Art. 97. São medidas aplicáveis às entidades de atendimento que descumprirem obrigação constante do art. 94, sem prejuízo da responsabilidade civil e criminal de seus dirigentes ou prepostos:
I – às entidades governamentais:
a) advertência;
b) afastamento provisório de seus dirigentes;
c) afastamento definitivo de seus dirigentes;
d) fechamento de unidade ou interdição de programa.
II – às entidades não-governamentais:
a) advertência;
b) suspensão total ou parcial do repasse de verbas públicas;
c) interdição de unidades ou suspensão de programa;
d) cassação do registro.
Parágrafo único. Em caso de reiteradas infrações cometidas por entidades de atendimento, que coloquem em risco os direitos assegurados nesta Lei, deverá ser o fato comunicado ao Ministério Público ou representado perante autoridade judiciária competente para as providências cabíveis, inclusive suspensão das atividades ou dissolução da entidade.
§ 1o Em caso de reiteradas infrações cometidas por entidades de atendimento, que coloquem em risco os direitos assegurados nesta Lei, deverá ser o fato comunicado ao Ministério Público ou representado perante autoridade judiciária competente para as providências cabíveis, inclusive suspensão das atividades ou dissolução da entidade. (Redação dada pela Lei nº 12.010, de 2009).

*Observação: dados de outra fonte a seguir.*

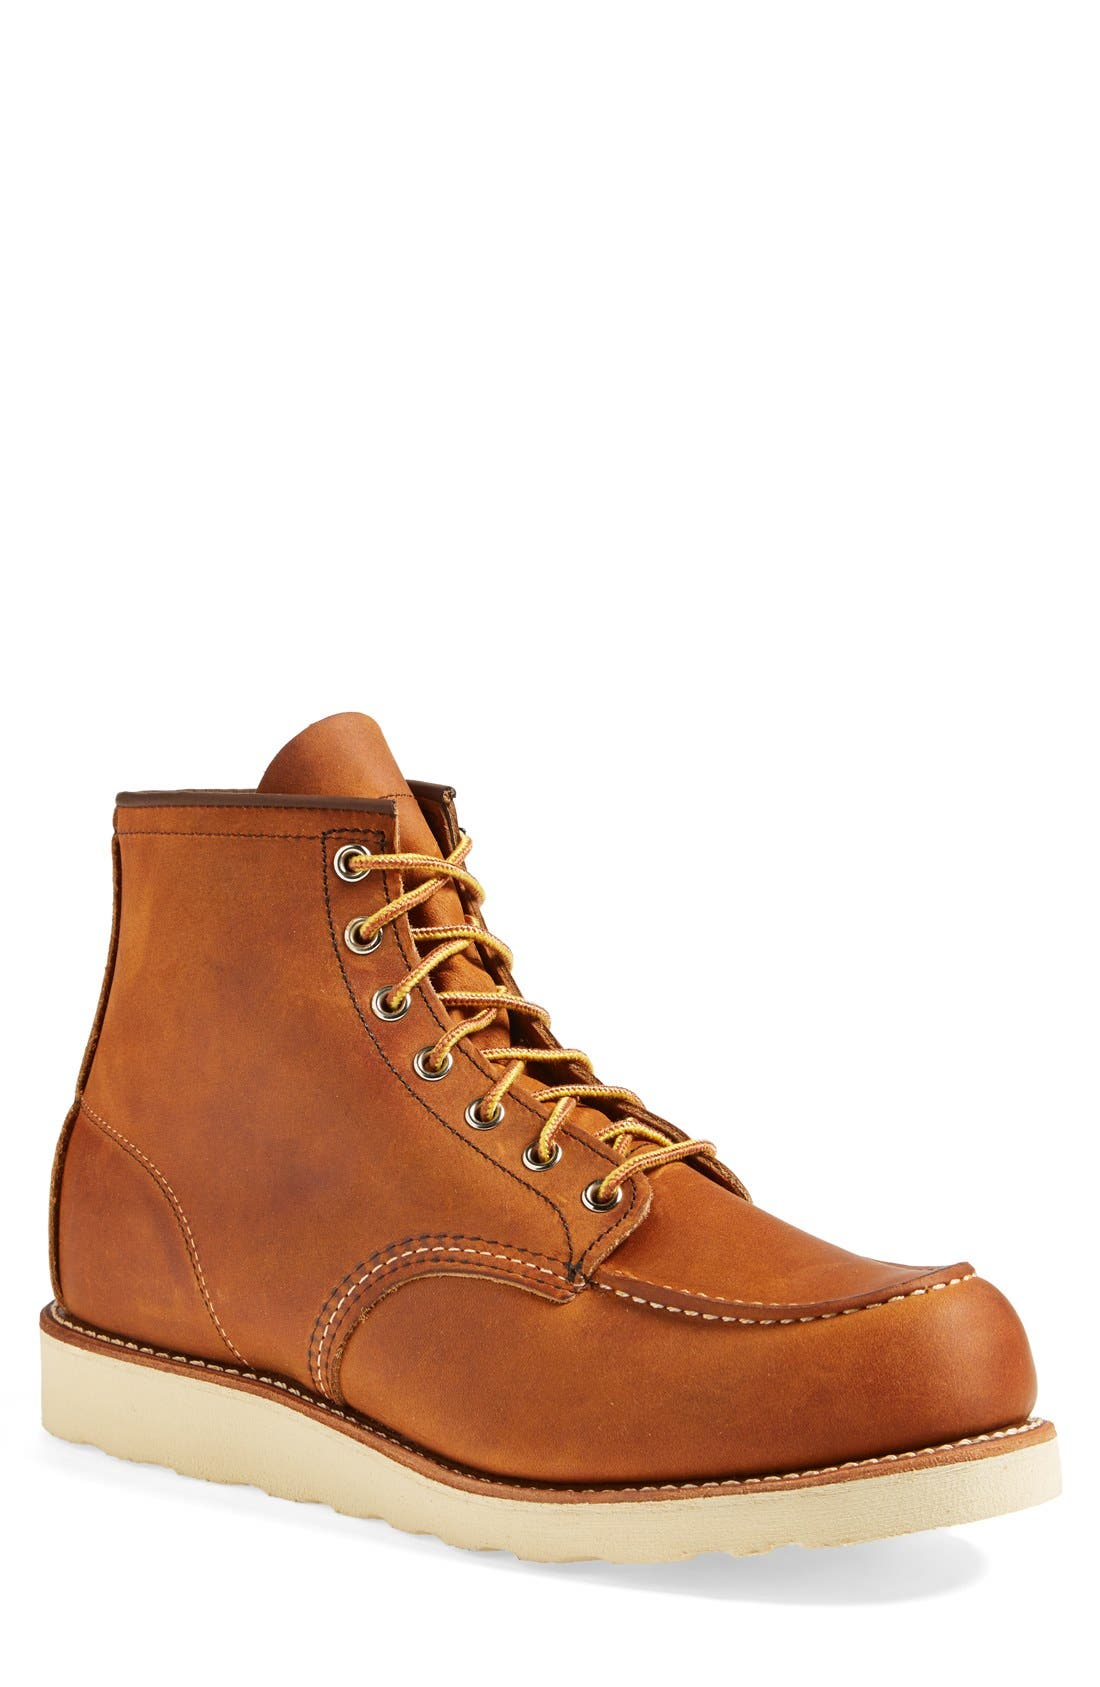 Moc Toe Boot,                             Main thumbnail 1, color,                             Copper Yuma

§ 2o As pessoas jurídicas de direito público e as organizações não governamentais responderão pelos danos que seus agentes causarem às crianças e aos adolescentes, caracterizado o descumprimento dos princípios norteadores das atividades de proteção específica. (Redação dada pela Lei nº 12.010, de 2009).

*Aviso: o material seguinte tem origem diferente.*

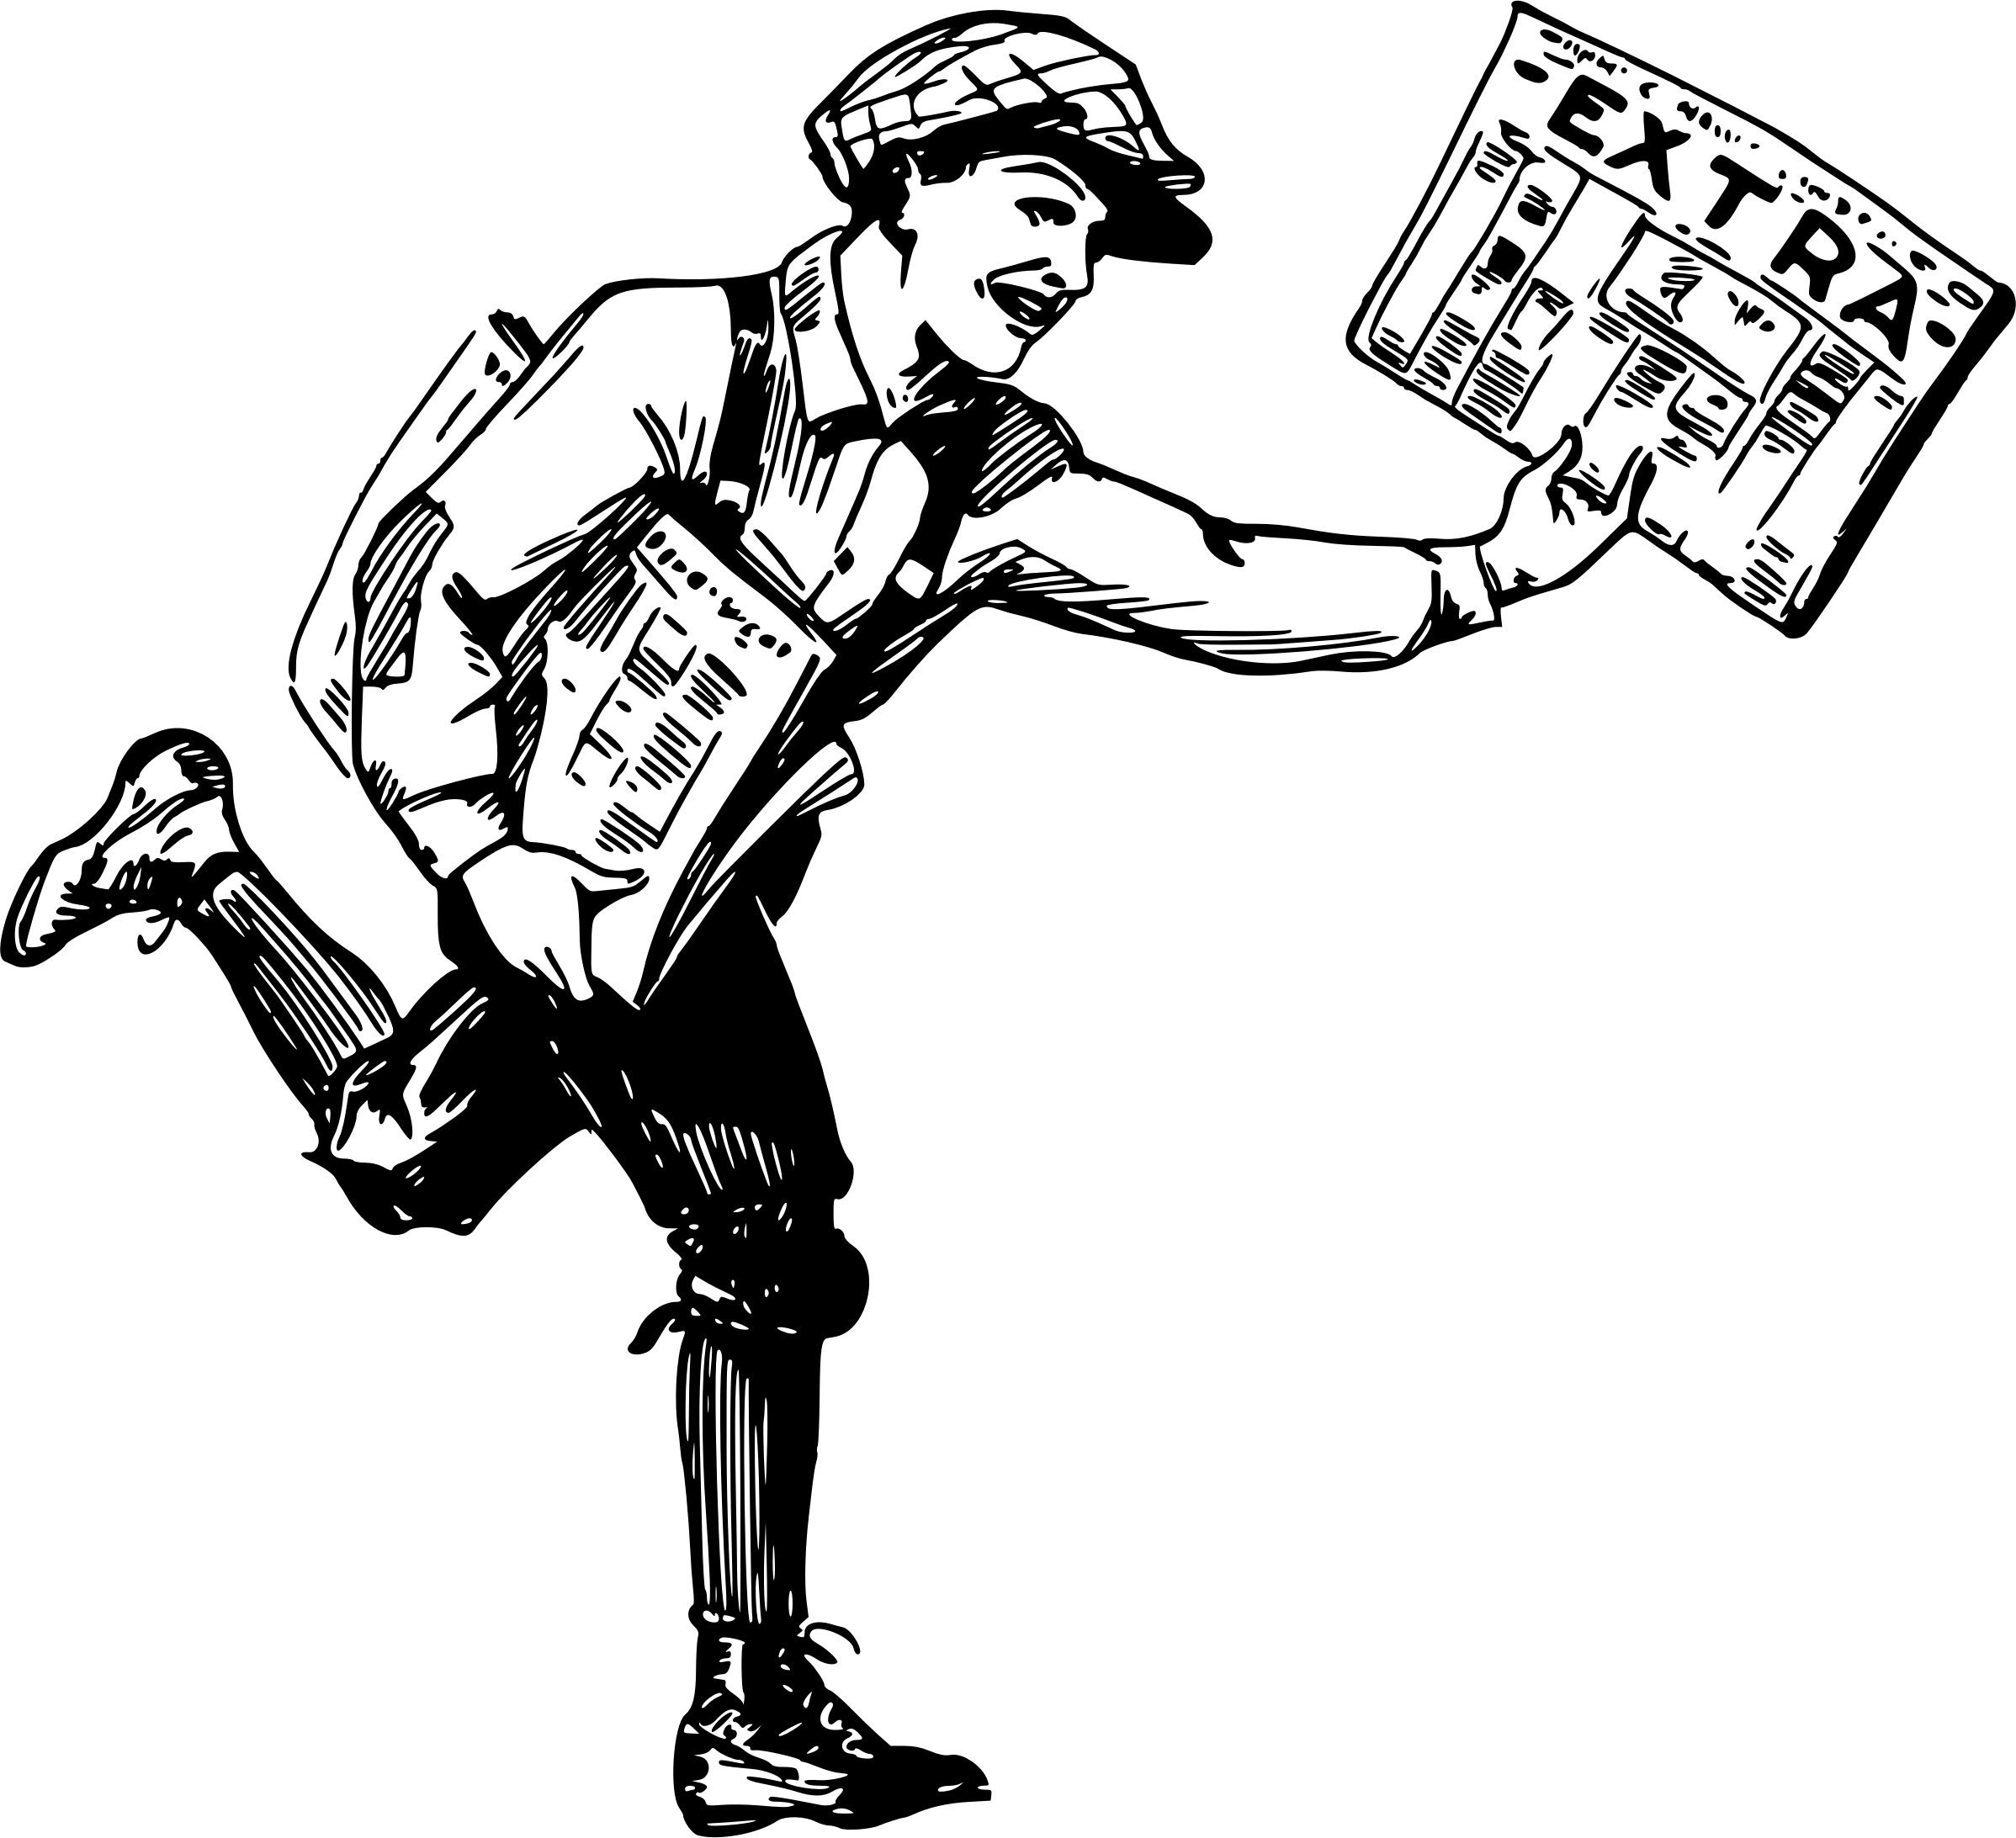 clipart-newsie-transparent

Para o caso de descumprimento de qualquer das obrigações dispostas no art. 94, cujo rol é exemplificativo, esse artigo dispõe sobre as medidas aplicáveis às entidades faltosas. As medidas aplicáveis às entidades governamentais e as não-governamentais, estabelecendo às primeiras advertência, afastamento provisório de seus dirigentes, afastamento definitivo de seus dirigentes e fechamento de unidade ou interdição de programa. Já as segundas o rol é mais severo, estabelecendo a advertência, suspensão total ou parcial do repasse de verbas públicas, interdição de unidades ou suspensão de programa e cassação do registro.

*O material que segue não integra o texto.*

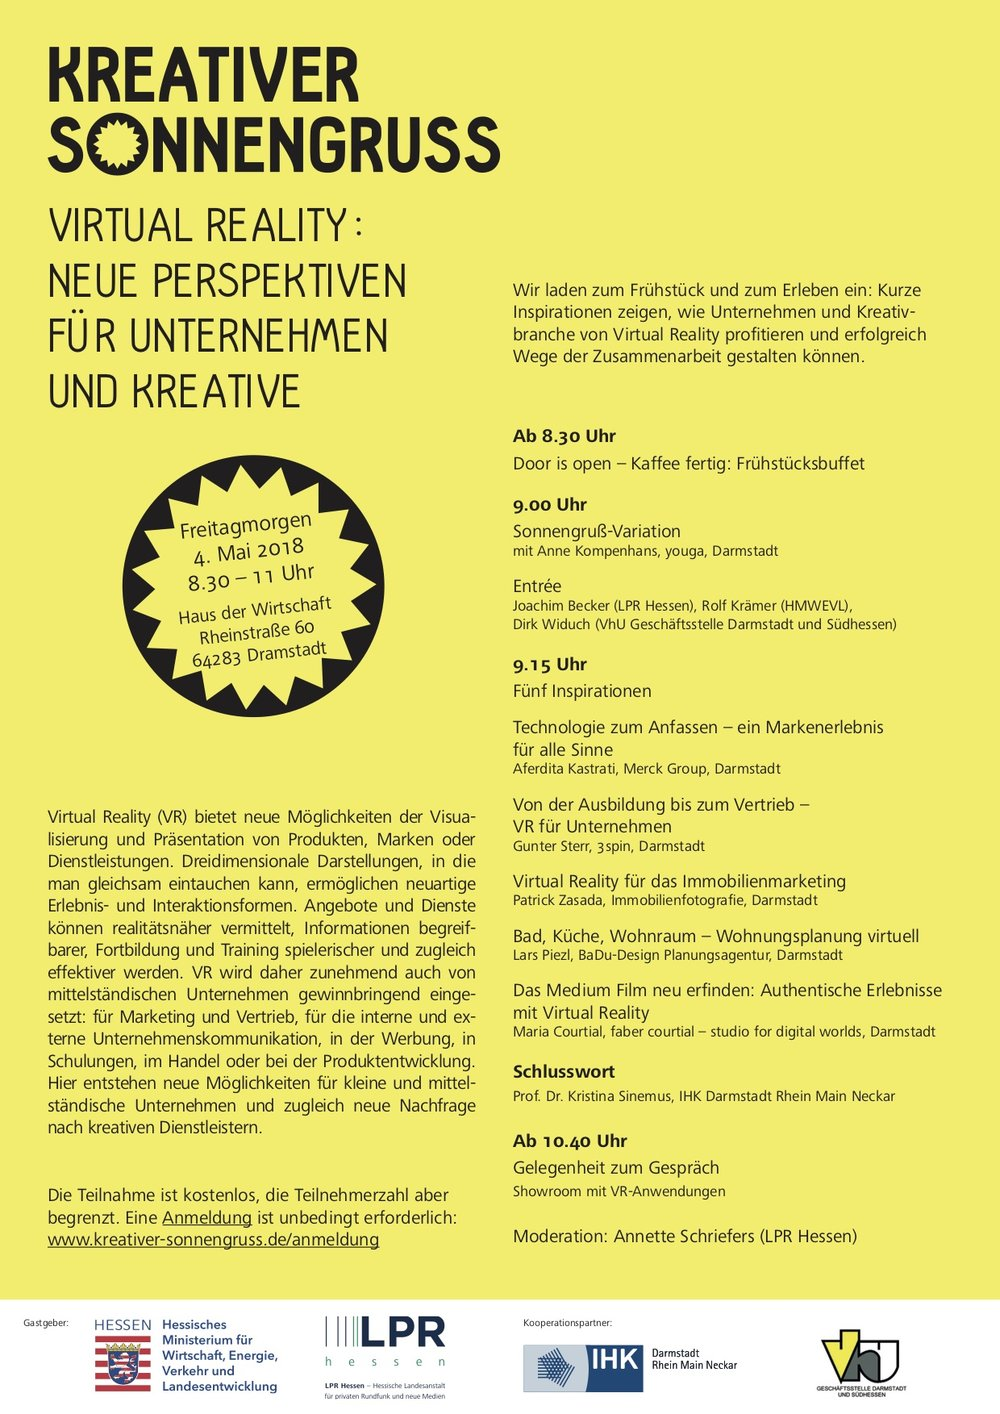 Darmstadt Veranstaltung vr marketing

Para o caso de reincidência das infrações cometidas pela unidade de atendimento que coloquem em risco os direitos assegurados à criança e ao adolescente o fato deve ser levado ao Ministério Público ou representado perante a autoridade judiciária competente para as providências cabíveis. Os arts. 191 a 193 do ECA estabelecem o procedimento para apuração dessas irregularidades.